►

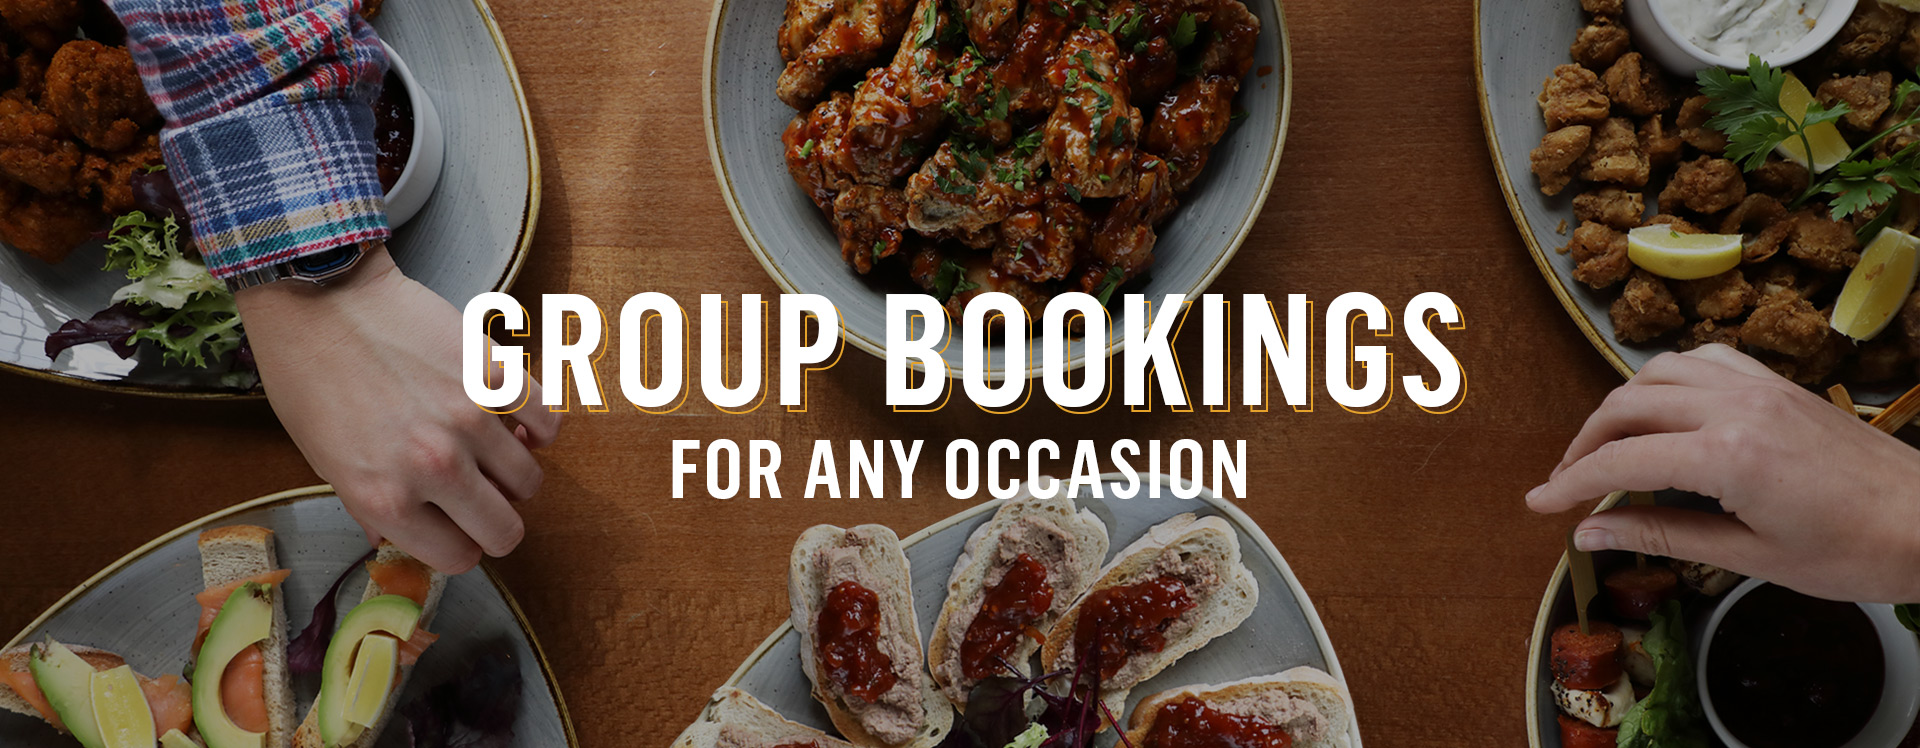 Group Bookings at Marquis Of Granby, Rathbone Street
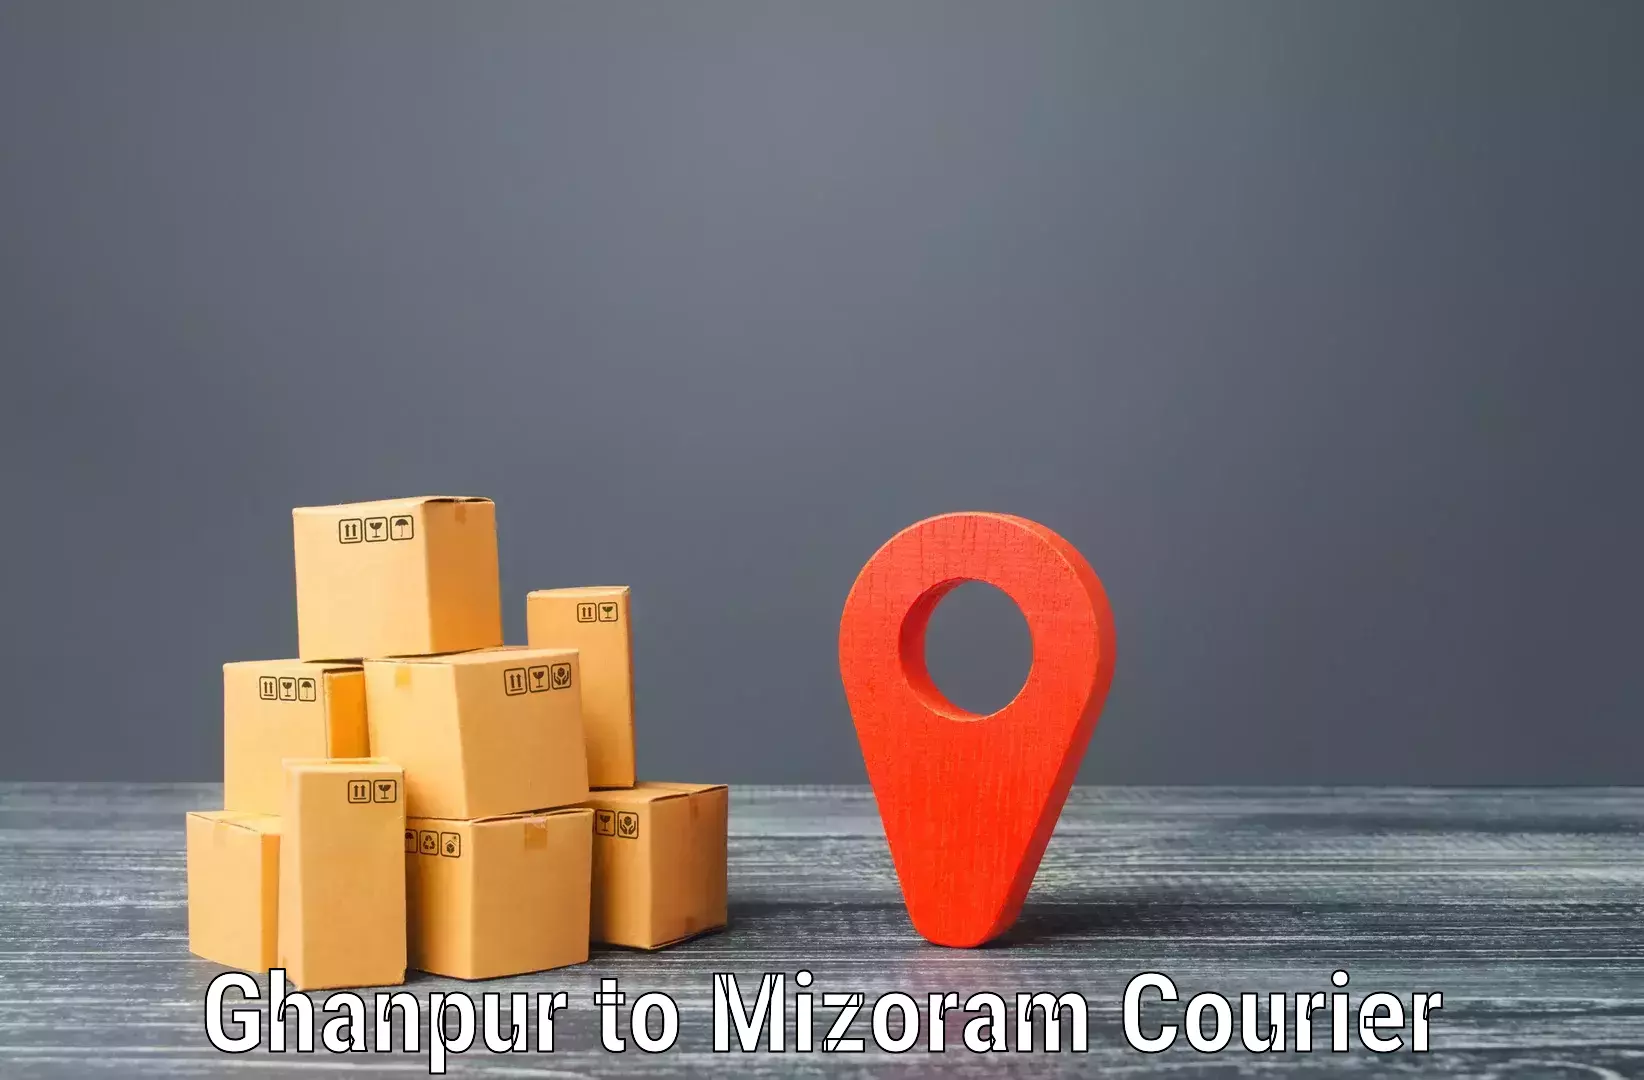 Online shipping calculator in Ghanpur to Saiha
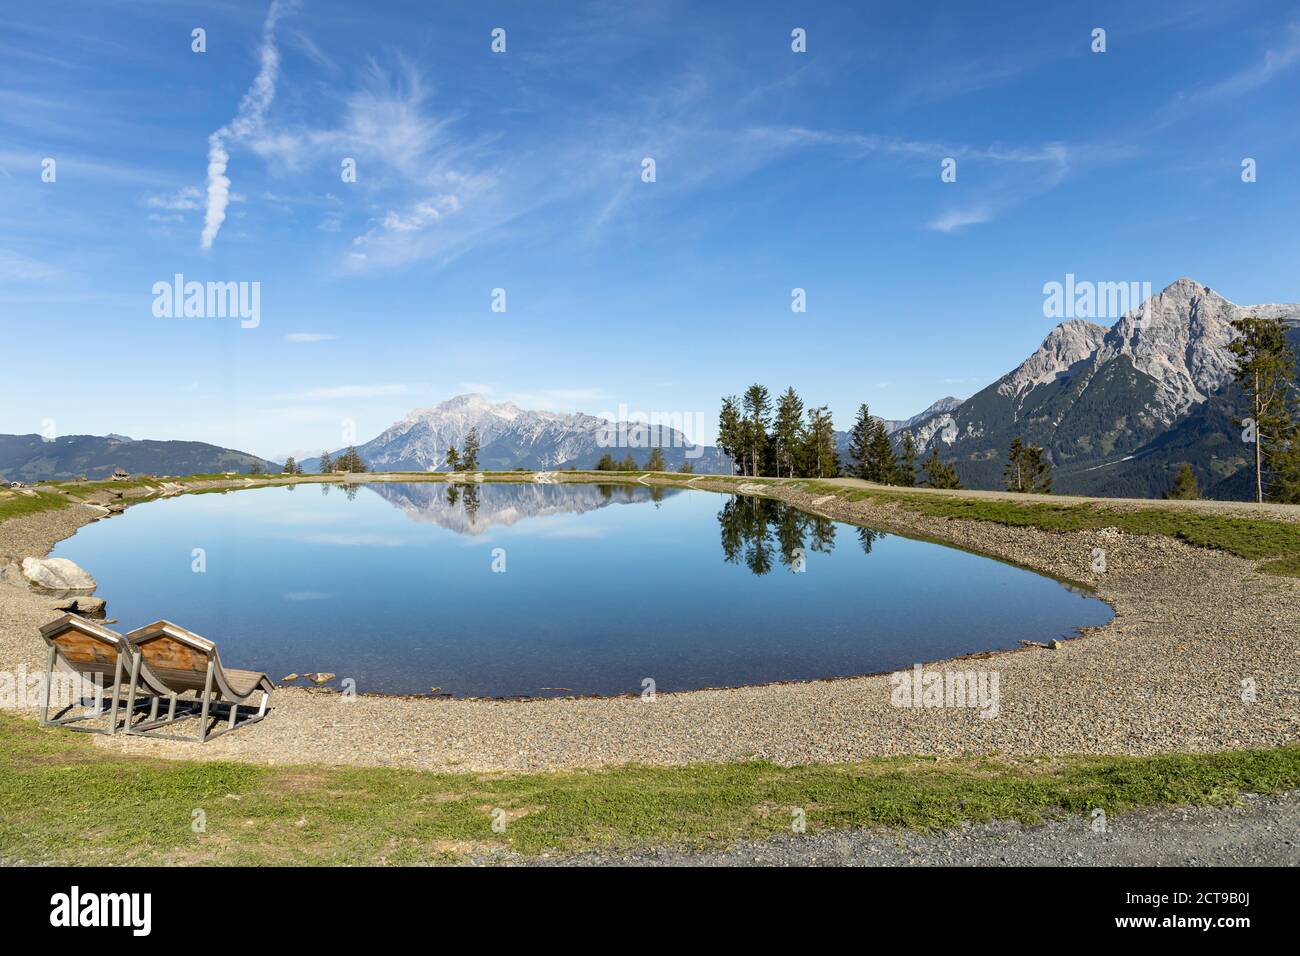 Prinzensee lake in Austria in the region of Hochkoenig Salzburg. The mountains in the background reflect in the mirro surface of the lake. A car is pa Stock Photo
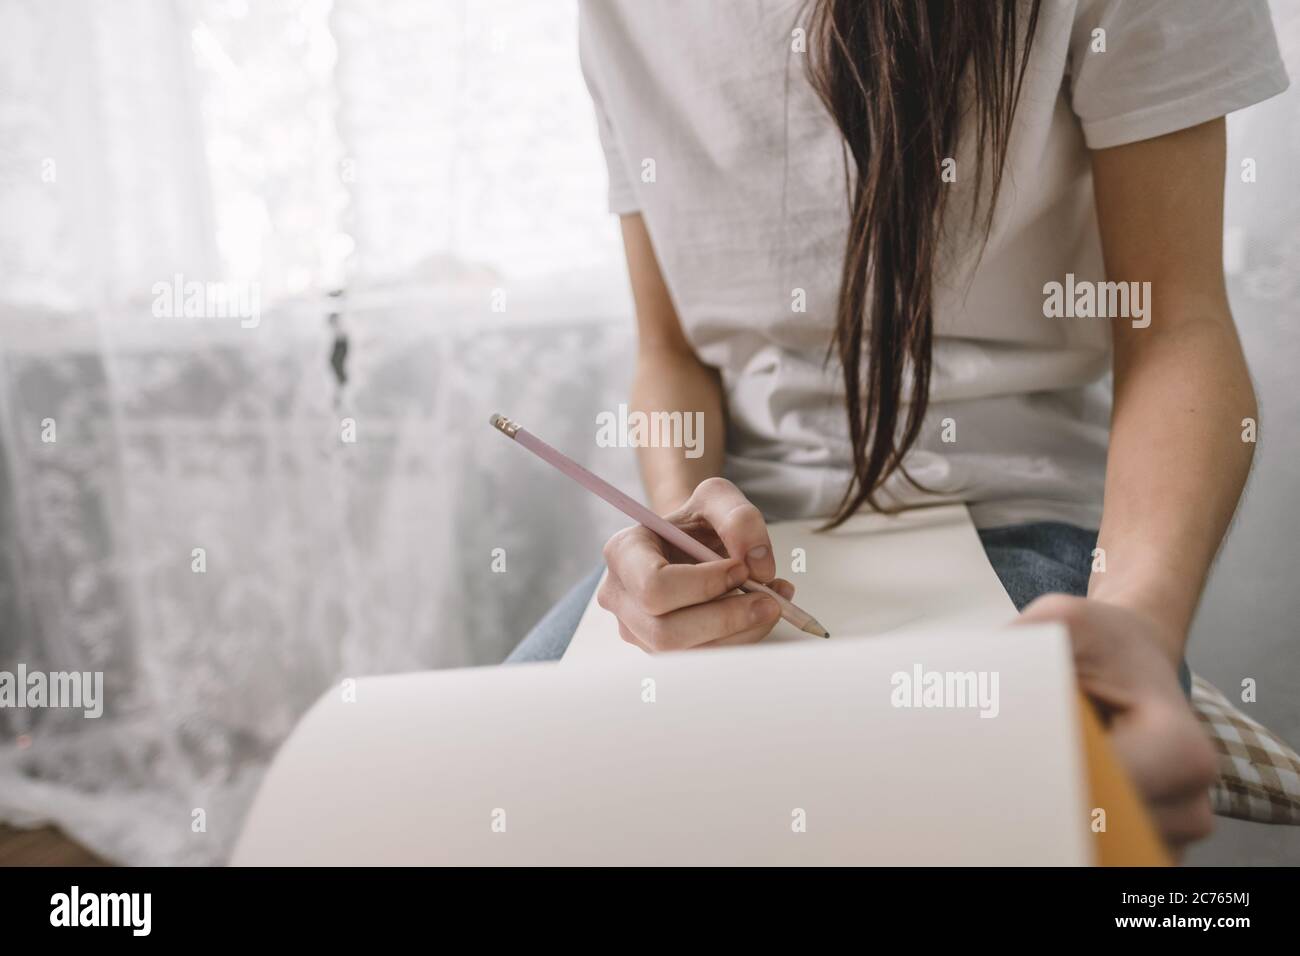 Woman artist draws in a sketchbook at home near the window, sitting on a chair Stock Photo
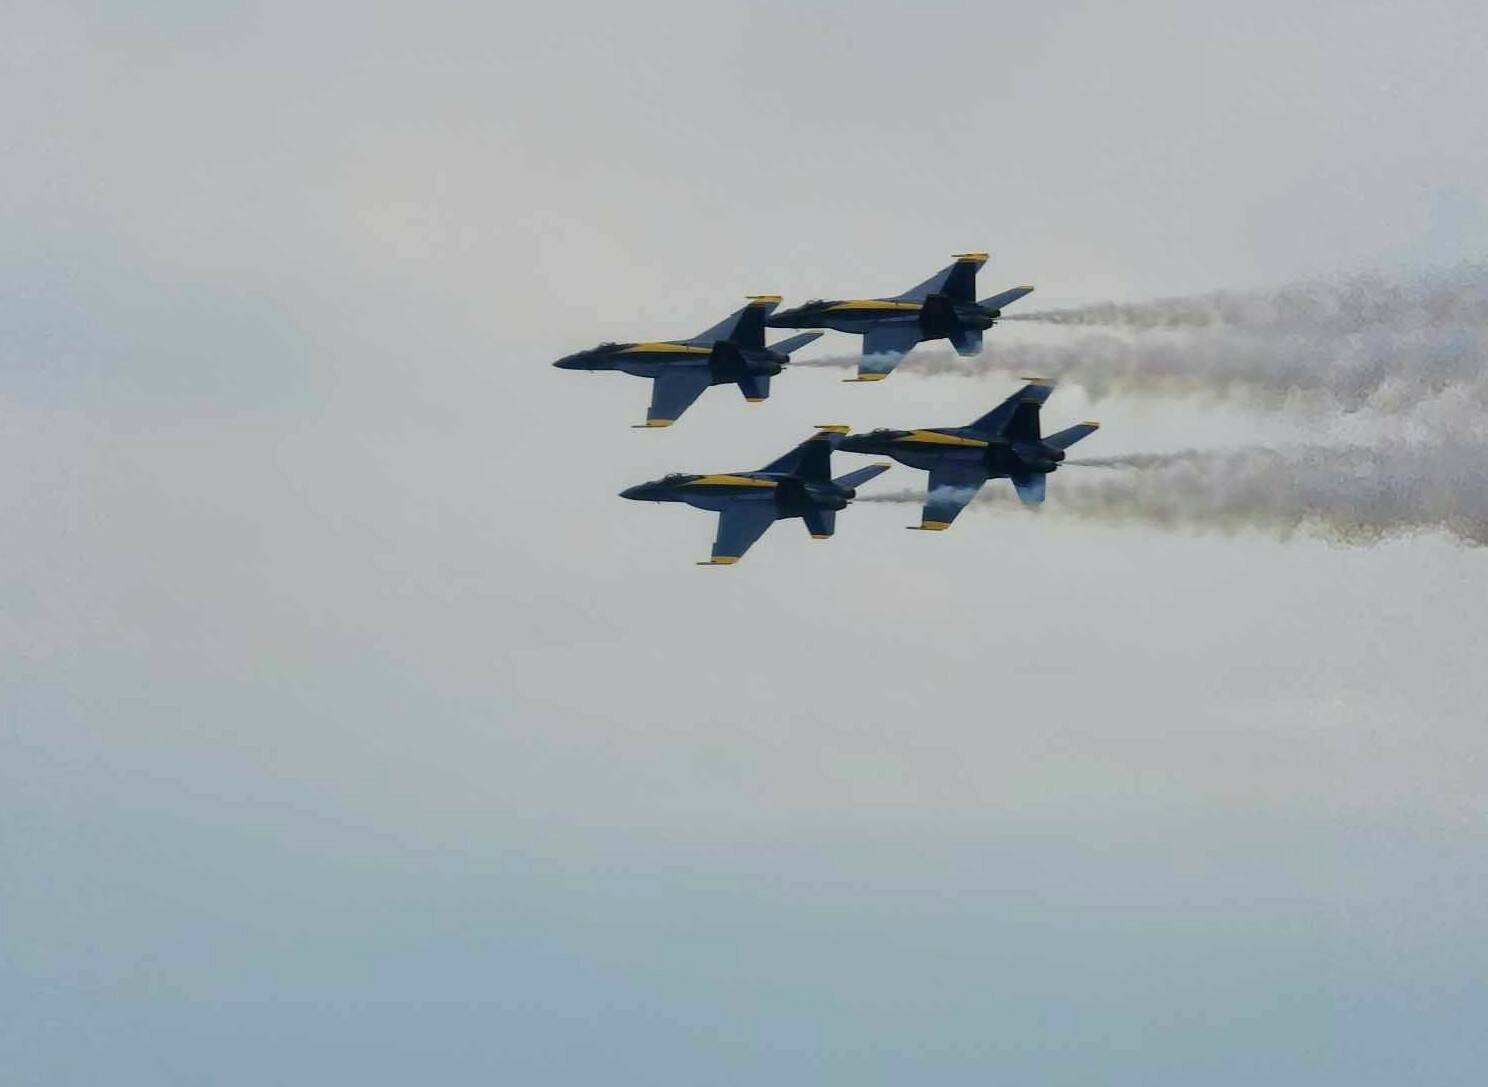 The U.S. Navy Blue Angels perform aerial maneuvers during the Boeing Seafair Airshow over the weekend of Aug. 4-6. Photo courtesy of Lindsey Tusing/ Mercer Island Police Department
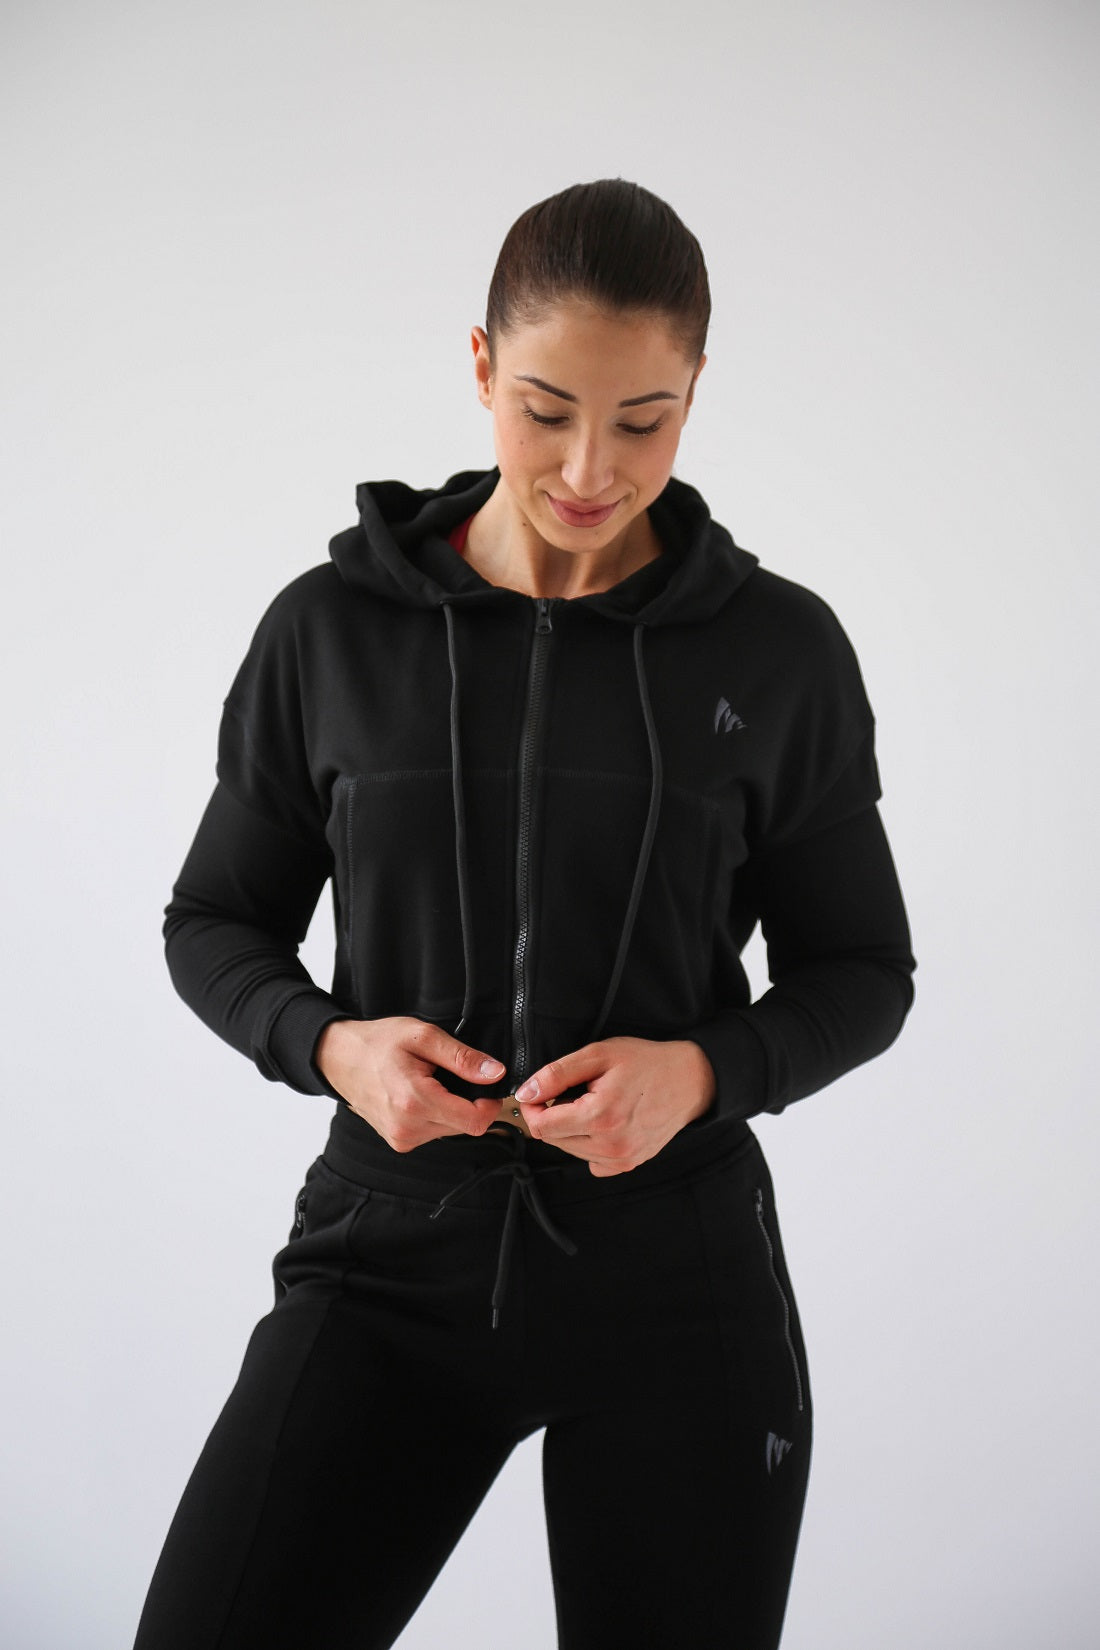 Gymknights Jacke - cropped

◄

What you should do: Restate, word for word, each line from the one with "Online shipping calculator" to the end of the entries, both included, and keep every picture out.

Completed task:
 Online shipping calculator in Ghanpur to Saiha
 Prinzensee lake in Austria in the region of Hochkoenig Salzburg. The mountains in the background reflect in the mirro surface of the lake. A car is pa Stock Photo
 Woman artist draws in a sketchbook at home near the window, sitting on a chair Stock Photo
 The U.S. Navy Blue Angels perform aerial maneuvers during the Boeing Seafair Airshow over the weekend of Aug. 4-6. Photo courtesy of Lindsey Tusing/ Mercer Island Police Department
 Gymknights Jacke - cropped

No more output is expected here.